Unfortunately, one very unpleasant aspect of the public toilets was that the Romans used a device called a tersorium to clean themselves. This resembled a modern toilet brush and was effectively a sea sponge connected to the end of a stick.

Visitors used it repeatedly to clean themselves and wash in a bucket with water, salt, or vinegar between users. As well as being disgusting, this was highly unsanitary from a health perspective.

Disease from Hygiene

Other elements of Roman life were severely unhygienic, not by accident or ignorance of how sanitation worked, but simply through neglect. For example, although Rome made efforts to organize public rubbish collection services, the streets of Rome and other cities, particularly in the poorer districts, were often covered in rubbish. 

This was largely food and household waste. So thick was it that stepping stones sometimes had to be put down to traverse especially affected areas. Unsurprisingly, rodents and other vermin were rife, as they often are in cities with current waste disposal problems. 

More pedestrian ways disease might spread were through poor food hygiene or simply by even water puddles on damaged streets during winter. These could become spreaders of diseases like malaria. 

Because of this, much like most societies until the late nineteenth century, Rome was prone to major disease outbreaks, notably the Antonine Plague of 165 AD to 180 AD.

This was probably a pandemic of smallpox or measles exacerbated by the cramped, unsanitary conditions of the empire’s cities. It killed between five and ten million Roman subjects, approximately 10-15% of the empire’s population at the time.

How Aqueducts affected Hygiene

One of the significant advantages that the Romans did have was a near-constant supply of fresh water for cleaning and drinking. In addition, their aqueducts, the large arches bearing pipes and conduits for water from rivers and other sources into towns and cities, were fantastic inventions that delivered water into the empire’s cities. 

Roman Aqueducts. Wikimedia Commons

Without aqueducts, hygiene across the Roman Empire would have been far worse than it was.

Romans could clean themselves better, acquire fresh drinking water and at least keep sewage, bacteria, and germs manageable in cities like Rome, Alexandria, and Antioch, which had hundreds of thousands of inhabitants. 

Indeed, it was not until the eighteenth and nineteenth centuries that complex waterworks began being developed for cities like London, Paris, and Amsterdam that the Roman aqueducts were surpassed in their ability to deliver fresh, clean, safe water into European countries’ cities. So, while the Romans might have gotten many things wrong regarding their hygiene, they got an awful lot right too.

Sources                                   

Fikret Yegül, Baths and Bathing in Classical Antiquity (New York, 1992). 

M. Bradley, Rome, Pollution and Propriety: Dirt, Disease and Hygiene in the Eternal City from Antiquity to Modernity (Cambridge, 2012). 

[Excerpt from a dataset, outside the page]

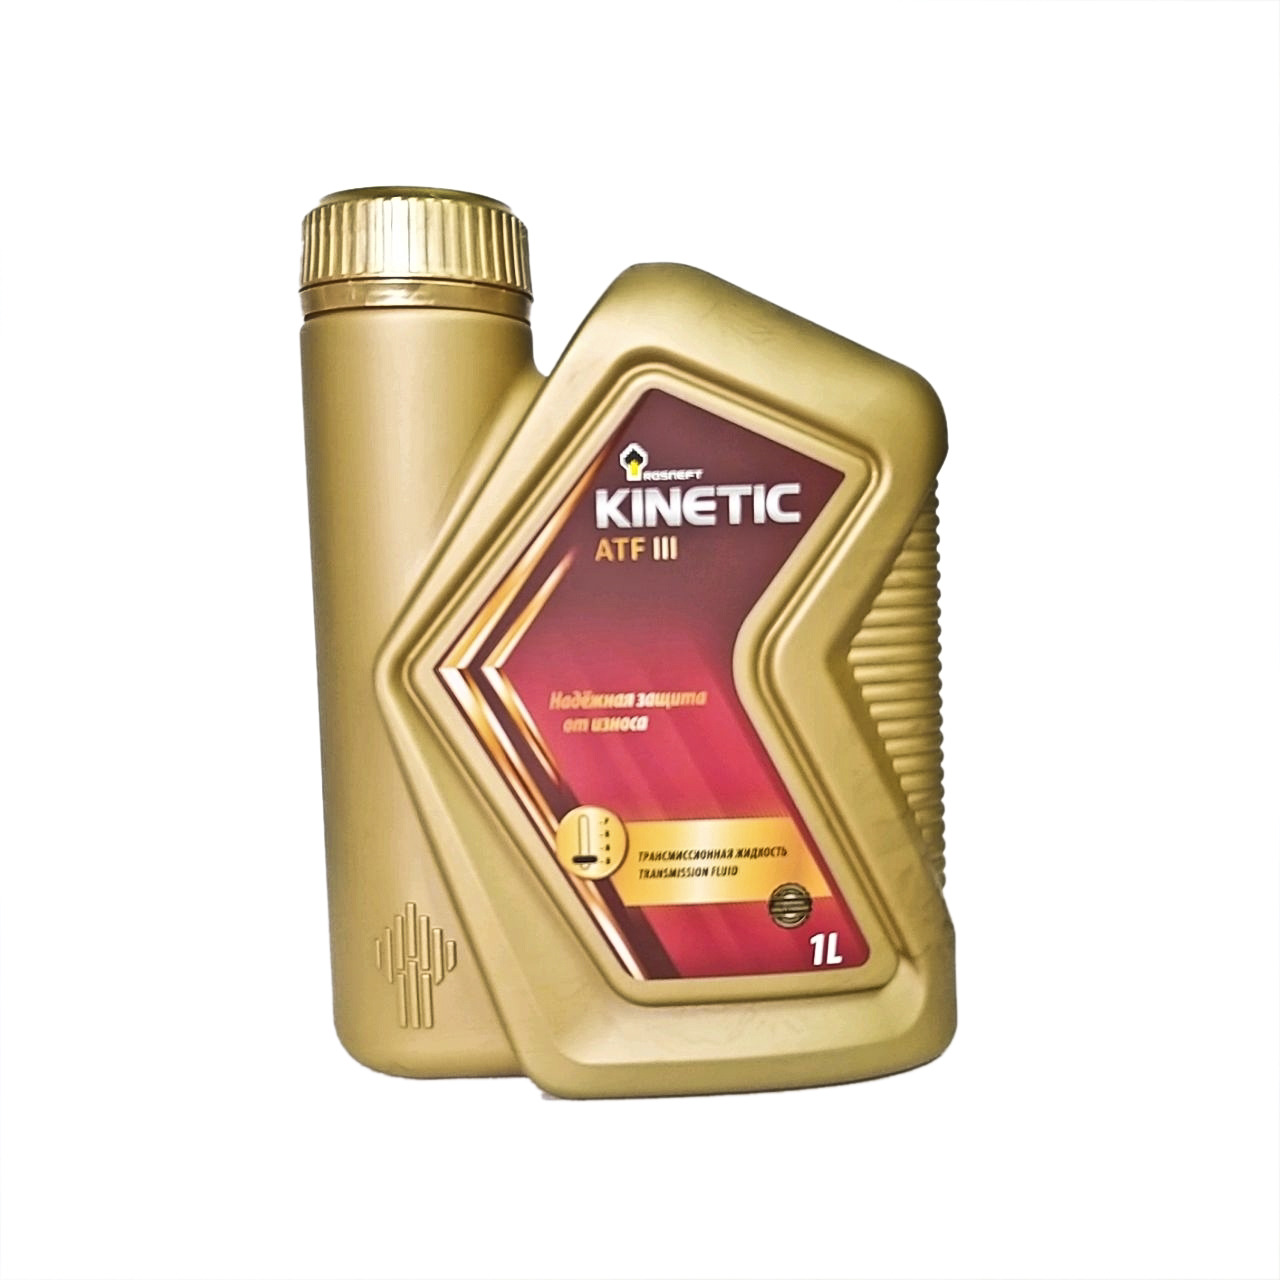 Rosneft Kinetic ATF III (1 L.)

Harold Farnsworth Gray, ‘Sewerage in Ancient and Mediaeval Times’, in Sewage Works Journal, Vol.12, No. 5 (1940), pp. 939–946; 

James McDonald, ‘The Health Risks of Living in Ancient Rome’, JSTOR Daily, 26 February 2016; J. F. Gilliam, ‘The Plague Under Marcus Aurelius’, in American Journal of Philology, Vol. 82, No. 3 (July 1961), pp. 225–251.

C. Bruun, The Water Supply of Ancient Rome: A Study of Roman Imperial Administration (Helsinki, 1991).